**Requirement**
Every line of the listing below from the one with "ㅆㄷ)뉴비랑 현피뜨는 만화 | mbong.kr 엠봉" up to and including the one with "CASE LOGIC Folio" should be retyped exactly, and nothing else; pictures are not part of the copy.

*** The records Section Begins ***

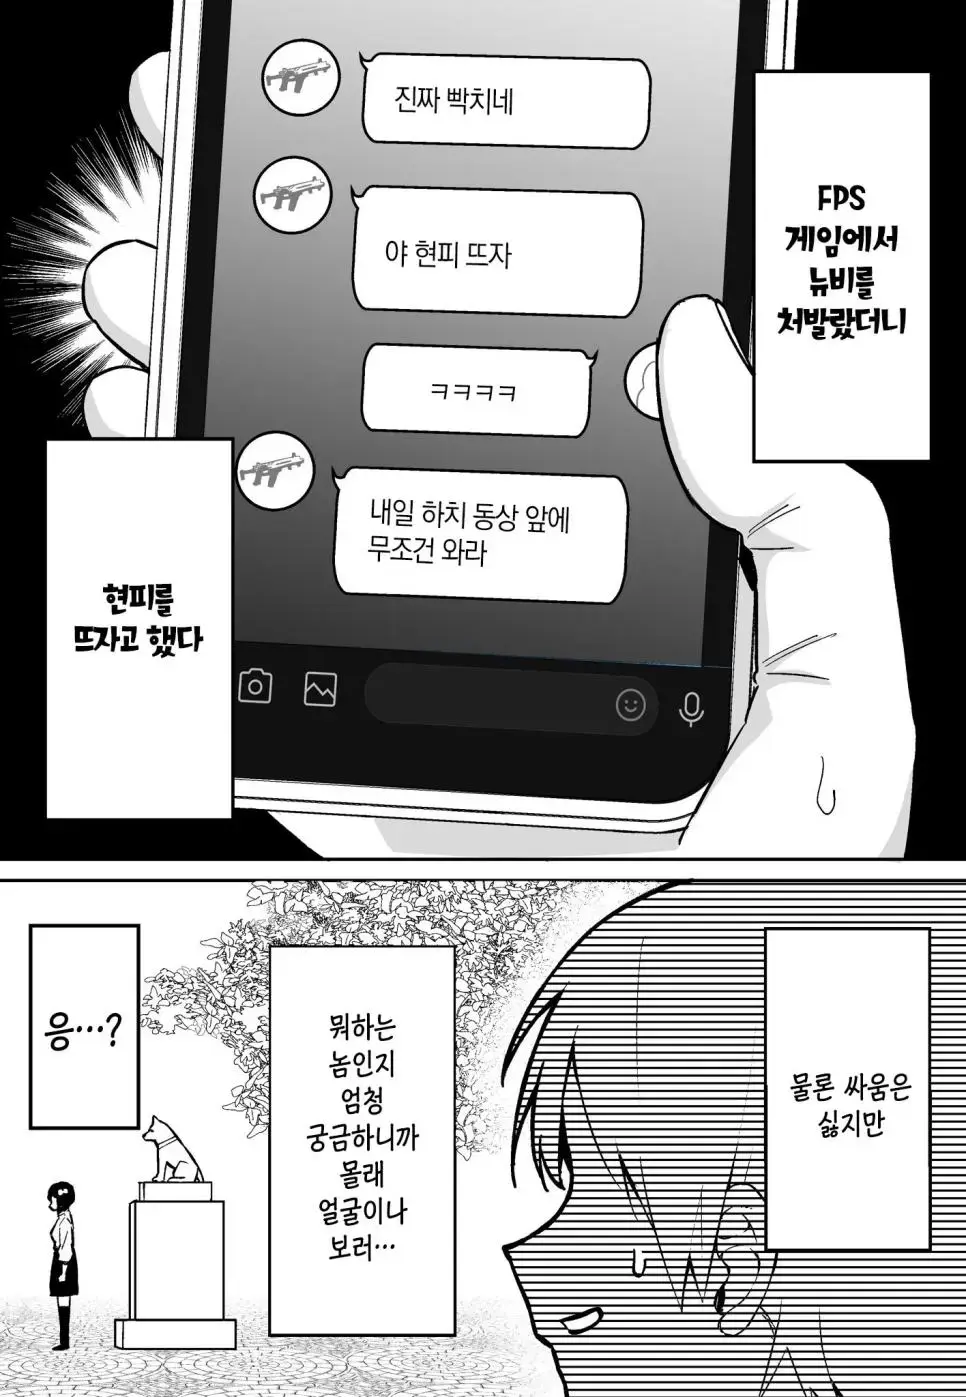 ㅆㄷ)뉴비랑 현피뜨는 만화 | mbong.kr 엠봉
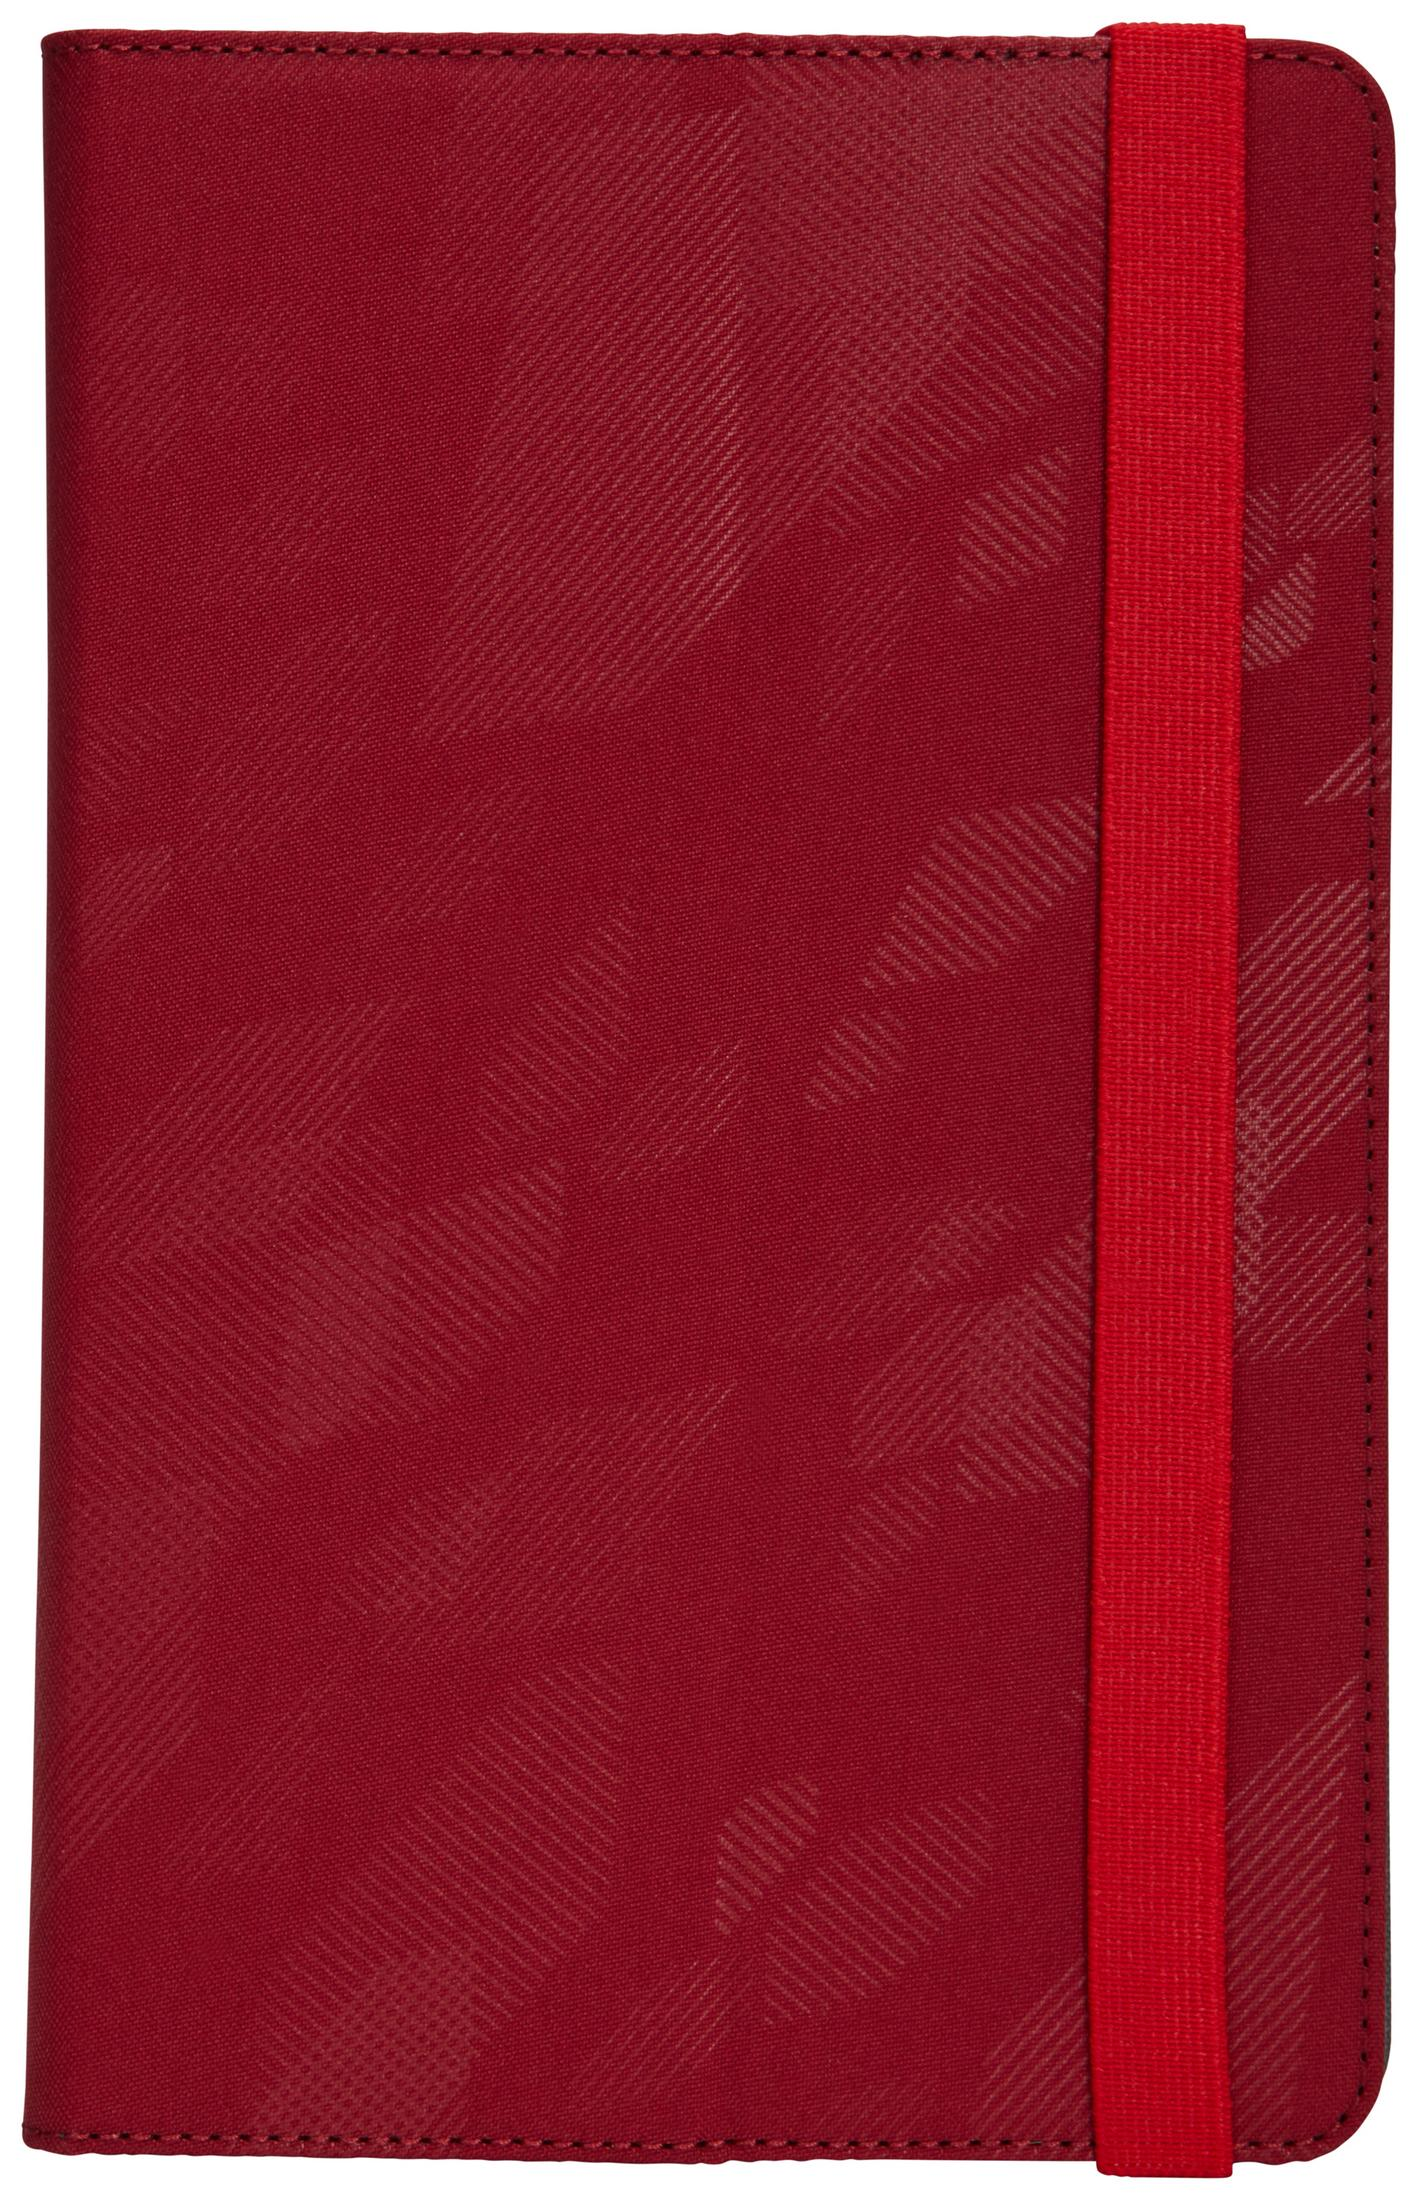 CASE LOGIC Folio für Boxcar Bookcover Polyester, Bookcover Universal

*** The records Section Ends ***
*** The records Section Begins ***

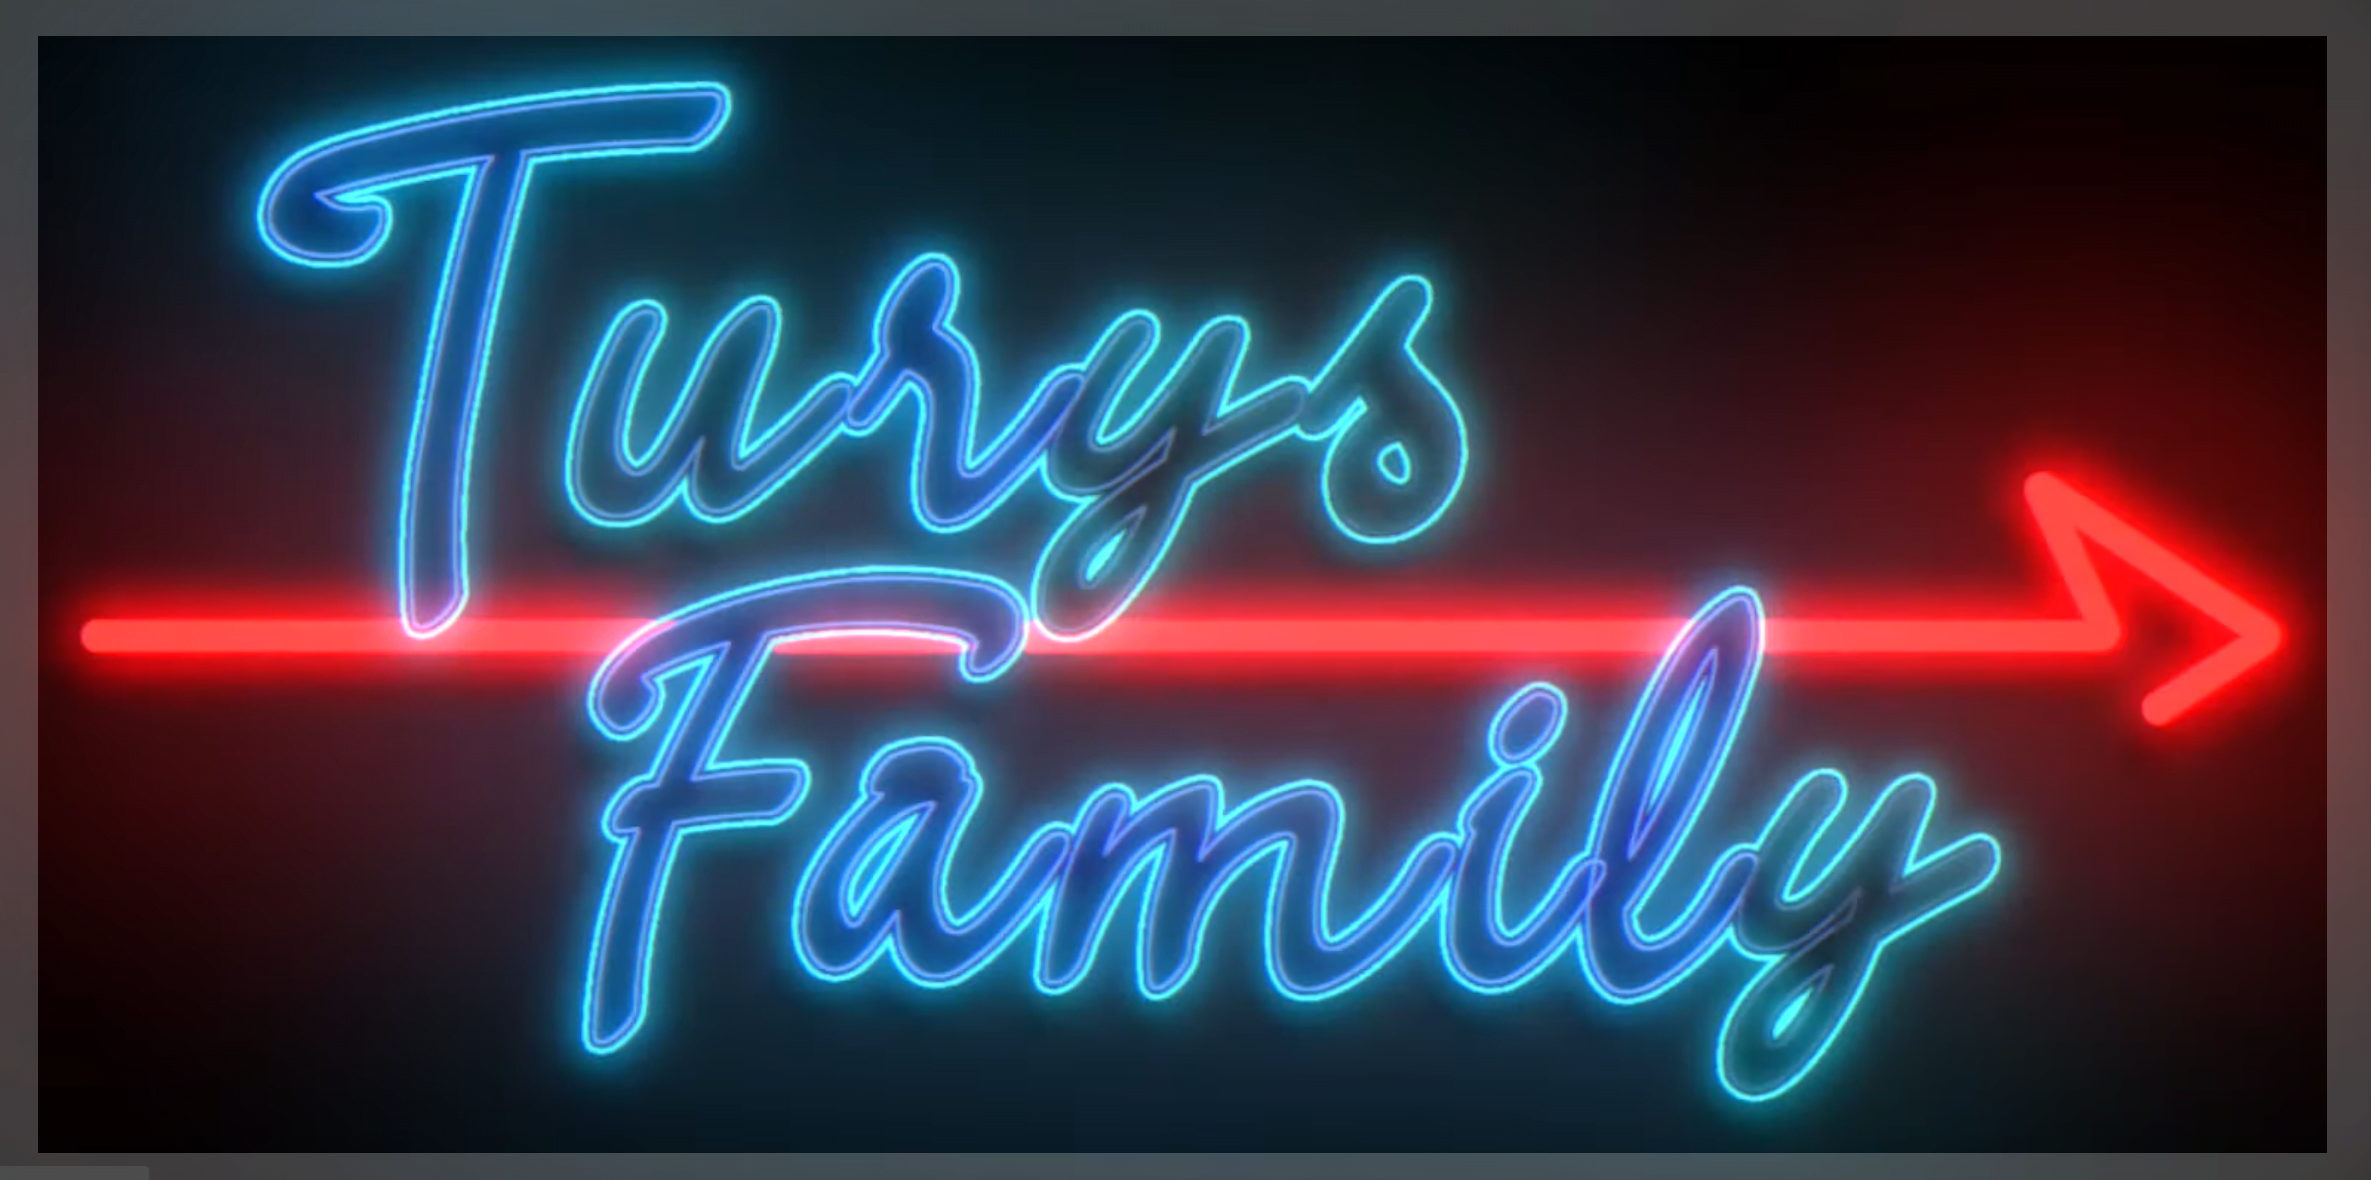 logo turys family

*** The records Section Ends ***

**Written solution**
 ㅆㄷ)뉴비랑 현피뜨는 만화 | mbong.kr 엠봉
 CASE LOGIC Folio für Boxcar Bookcover Polyester, Bookcover Universal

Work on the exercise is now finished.